Is there a way to feed Hugin several pictures (that are not shot from left to right) in order to obtain a complete picture of a mountain or landscape?
Since I don’t know the technical term, I will try to explain.
Let’s say I divide a mountain in four (4) pictures because the lens being used is not too wide, so the complete scene does not fit in one single photo.
Picture 1 is what I consider the upper left
Picture 2 is upper right
Picture 3 is lower left
Picture 4 is lower right
How can I get Hugin to generate a 4:3 image out of those 4 pictures that are also 4:3?
I have managed to obtain panoramas out of sequential pictures taken from left to right, but for photos that are not one after the other, I don’t know where to start.
It should be possible. It did a few grid panoramas but I had trouble when I was using wide lens to cover an ultrawide scene (18 mm asp-c lens), I couldn’t align the picture well enough (likely my pictures were not photographed properly, I shot them handheld). I had the most success in the short telephoto range (~100 mm).
Depending on the overlap of the images it may take some manual work and using various expert view tasks
Do not start with importing the images or using the Assistant…
First you have to change hugin to expert UI. After that use Photos tab to “add images”. Switch to control point tab and manually set about 20 control points for each image pair. Switch back to standard UI and do a first alignment and check in Layout if the images are arranged correctly.
If yes, hugin should be able to use CPfind (prealigned) in expert photos tab to add more control points.

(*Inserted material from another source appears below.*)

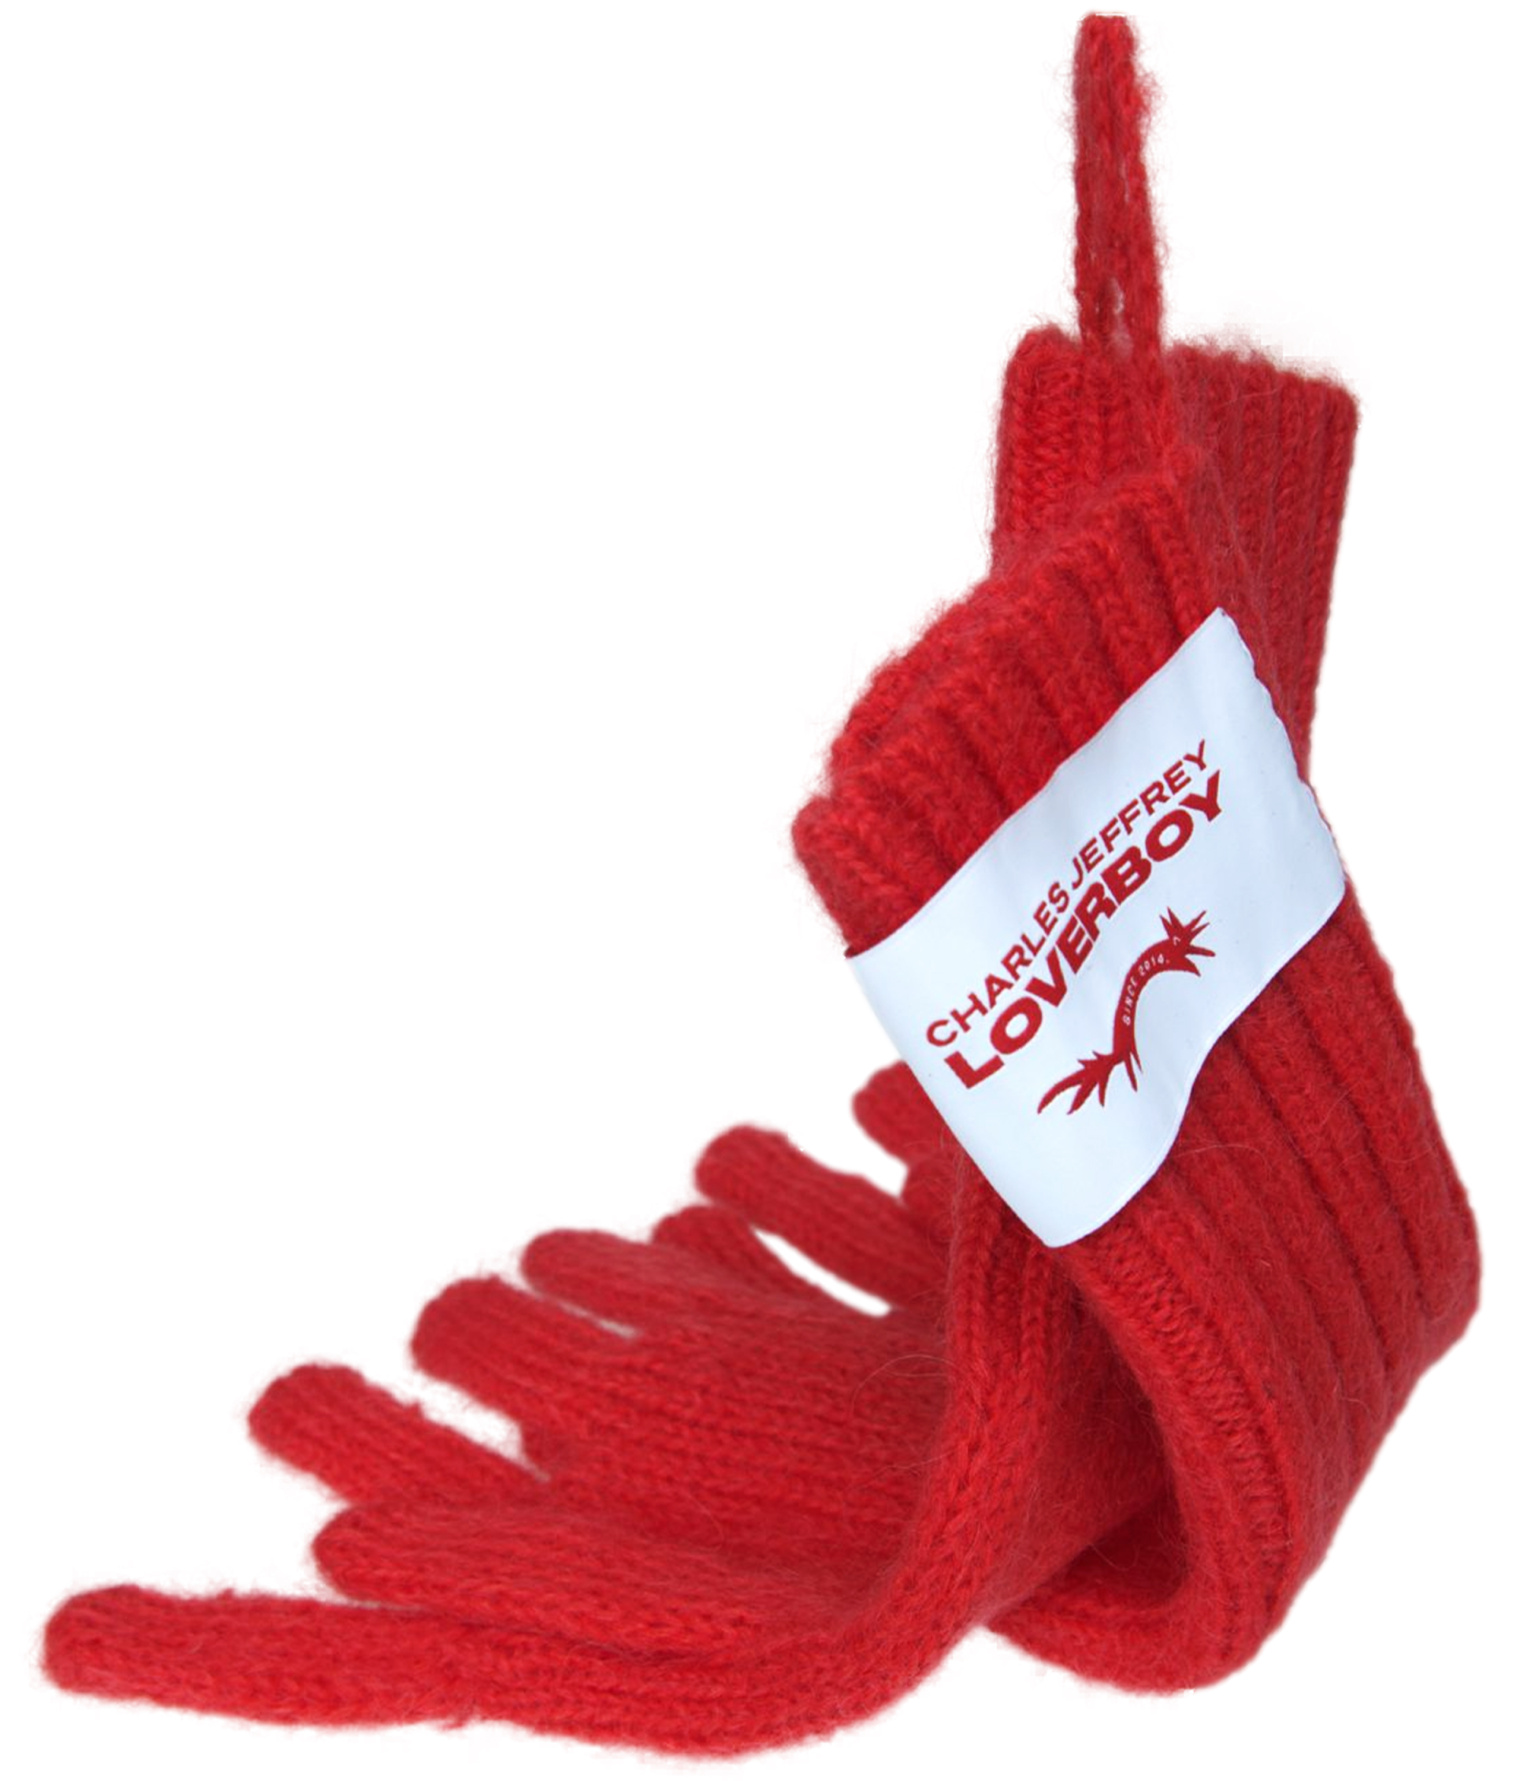 CHARLES JEFFREY LOVERBOY Red patch gloves

If not, add more manual control points until the layout is correct.
This may take some time and you will have learned the golden panorama rule: left to right, bottom to top and always at least 25% overlap between the images.
no meed to go that far, three to six per image pair is enough. just try to spread the control points around, so it’s easier for the machine solver to figure out the positions and lens parameters.

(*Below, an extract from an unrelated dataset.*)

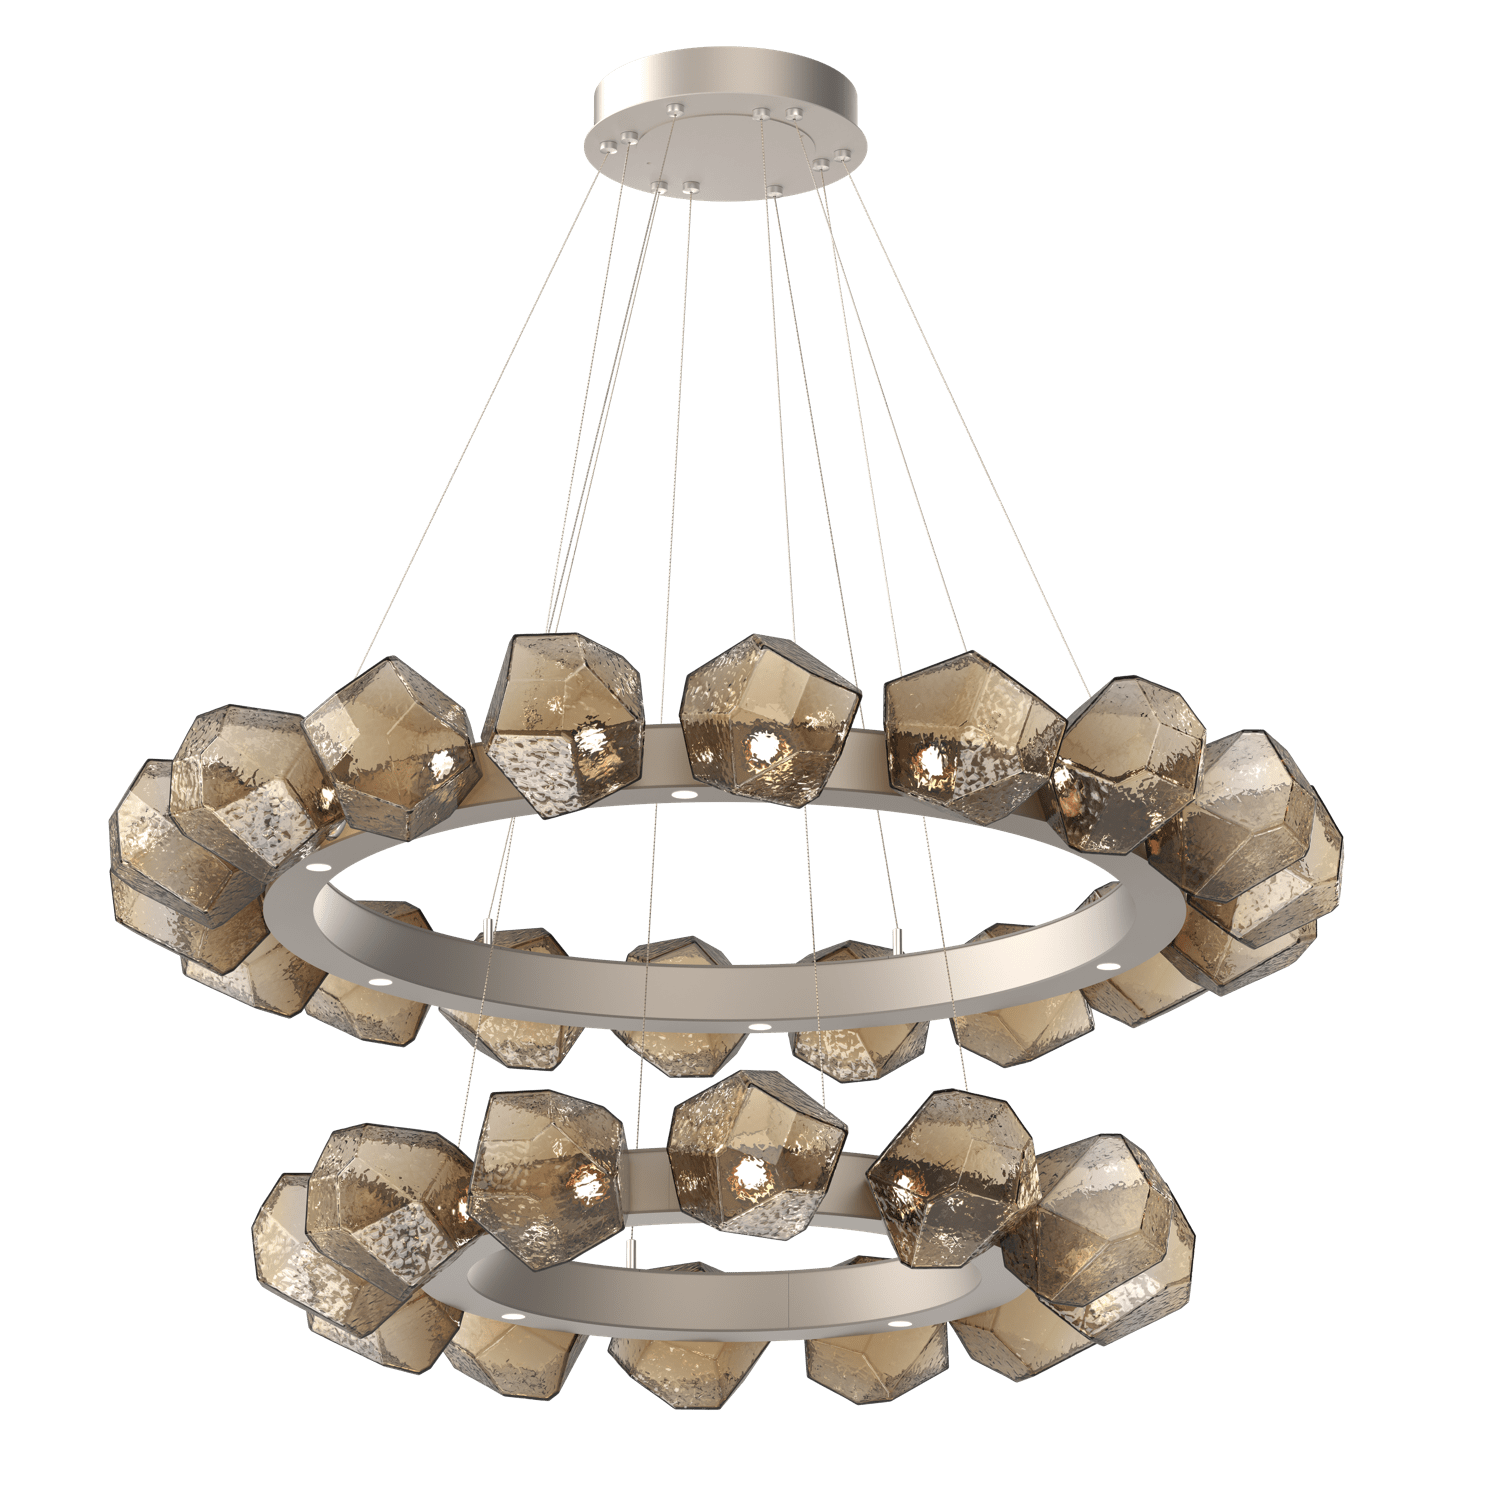 CHB0039-2T-BS-B-Hammerton-Studio-Gem-48-inch-two-tier-radial-ring-chandelier-with-metallic-beige-silver-finish-and-bronze-blown-glass-shades-and-LED-lamping

This should work out of the box if there is enough overlap.
Check your settings: In Preferences, Control points detectors, the default cp detector setting should contain the --multirow switch. (For the current 2024.0 beta 1 this is default, but all older version should contain this switch. The check is only needed once, just in case. It is normally the default setting.)
Load images
The run the assistant with “Align”
Switch to crop setting and adjust your crop to your desired aspect ratio. Either adjust it with the mouse or use the aspect ratio dialog to select 4:3 exact.